There may be some systems where that is enough. However, most Ada implementations these days map Ada tasks to OS threads, and most consumer PC's these days have multiple processors and can spilt their threads among them. There's nothing stopping the OS from scheduling the next lower-priority thread on your second processor while the highest priority thread is running.
This kind of behavior in a program is called a "race condition".
If you want mutual-exlusion on those variables, you need to implement that. Either give control of the variables to one task and use rendezvous to modify them from other tasks, or look into putting them into protected objects.
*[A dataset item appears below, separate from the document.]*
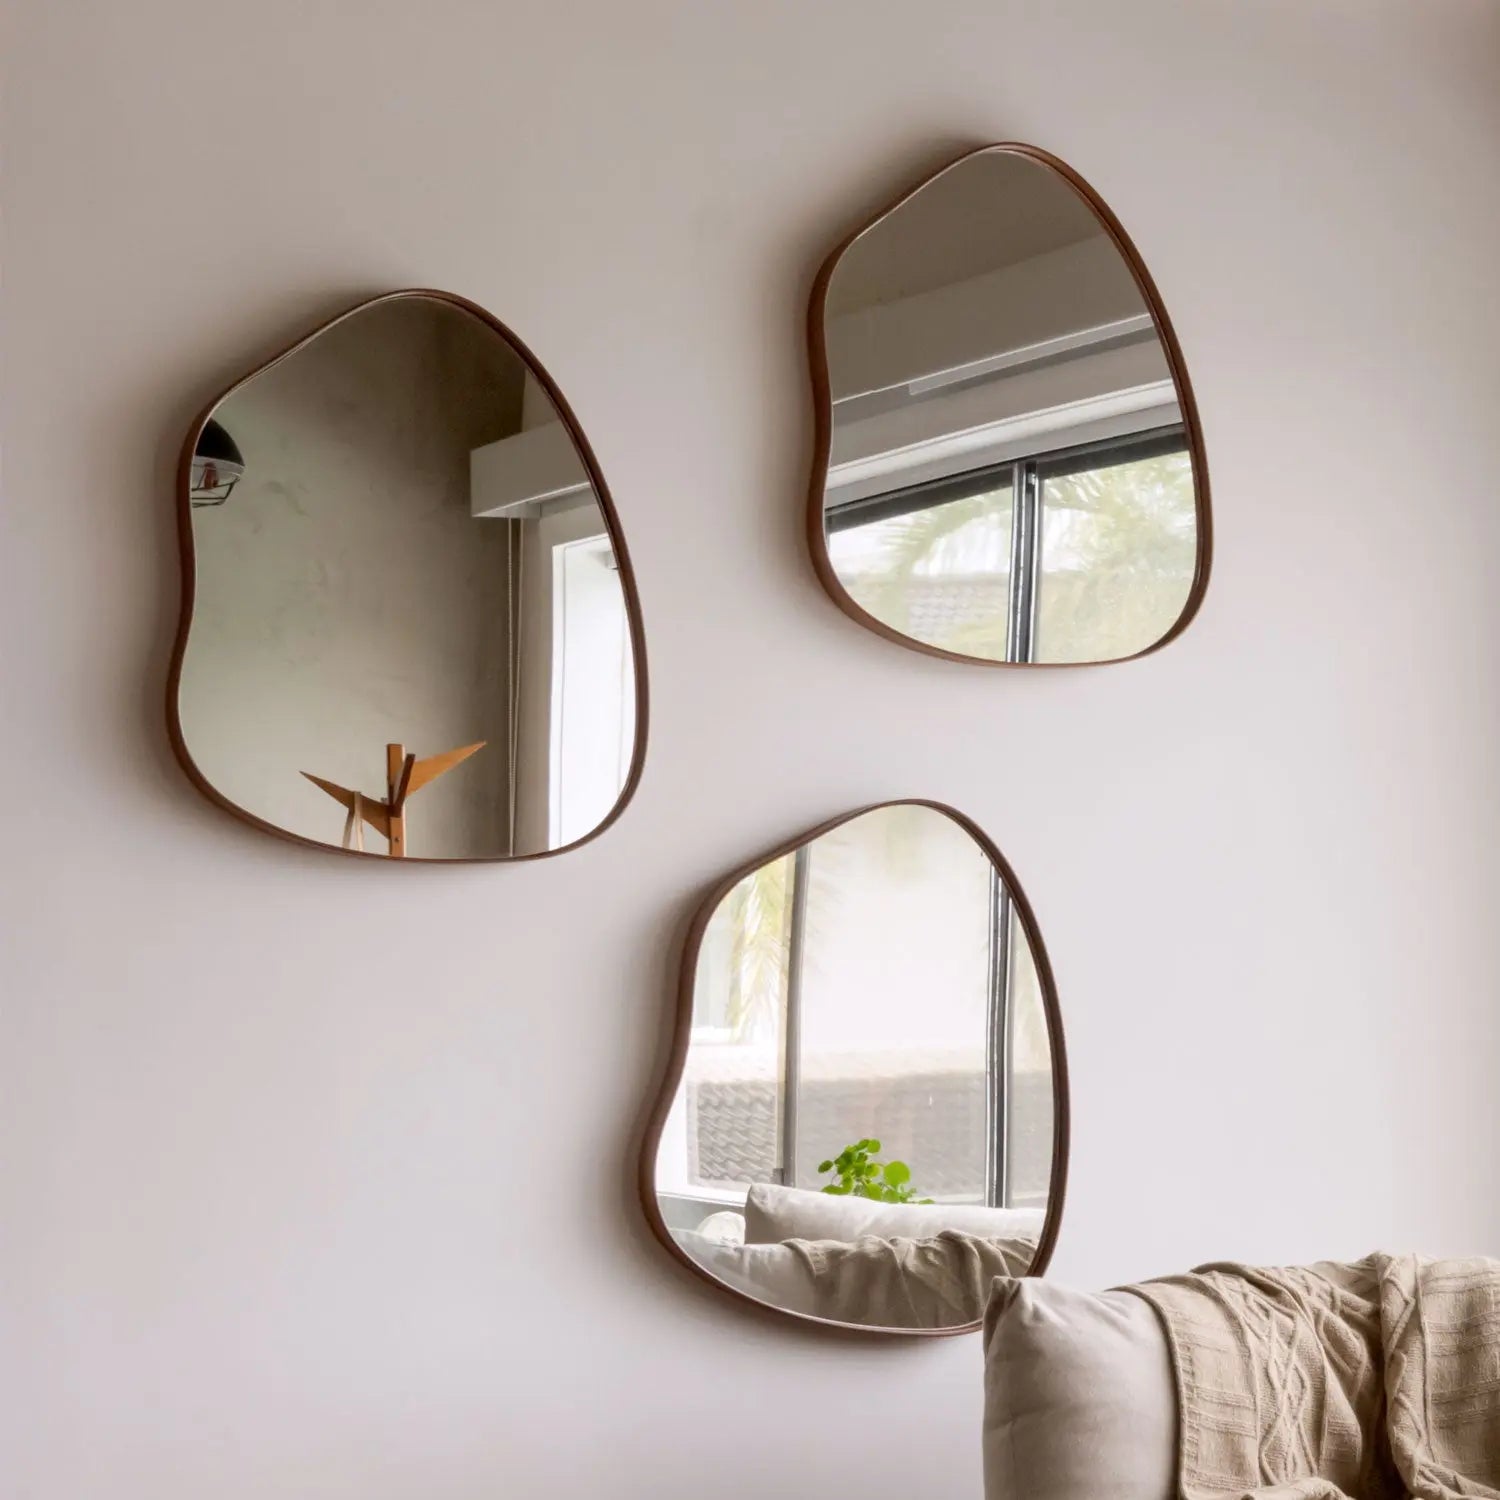 Homedock Espelho Decorativo Orgânico Sollo Nogueira 60 cm Aprimore

I'd suggest the latter, as rendezvous can be much more difficult to get right. However, if you want to order the calls in a specific way, a master controller task calling rendezvous on the other tasks might be the way to go.
here is a program that is a sequential variant of the above ! .... with just one task (even that can be avoided if I use a single procedure, as suggested by Marc C and T.E.D )
WITH Ada.Text_IO; USE Ada.Text_IO;
WITH Ada.Integer_Text_IO; USE
Ada.Integer_Text_IO;
WITH System; USE System;
procedure xyzsimple is
x : Integer := 0;
y : Integer := 0;
z : Integer := 0;
task type xyz;
T: xyz;
task body xyz is
begin
x:= x + 1;
y:= x + y;
z:= x + y + z;
end xyz;
begin Put(" z = ");
Put(z);
end xyzsimple;
This program always gvies output z = 2, but then it doesn't serve to illustrate what I was trying to do. This program is deterministic, not into the paradigm of concurrency ! Further, this program will never exhibit 'RACE CONDITION' that T.E.D had mentioned.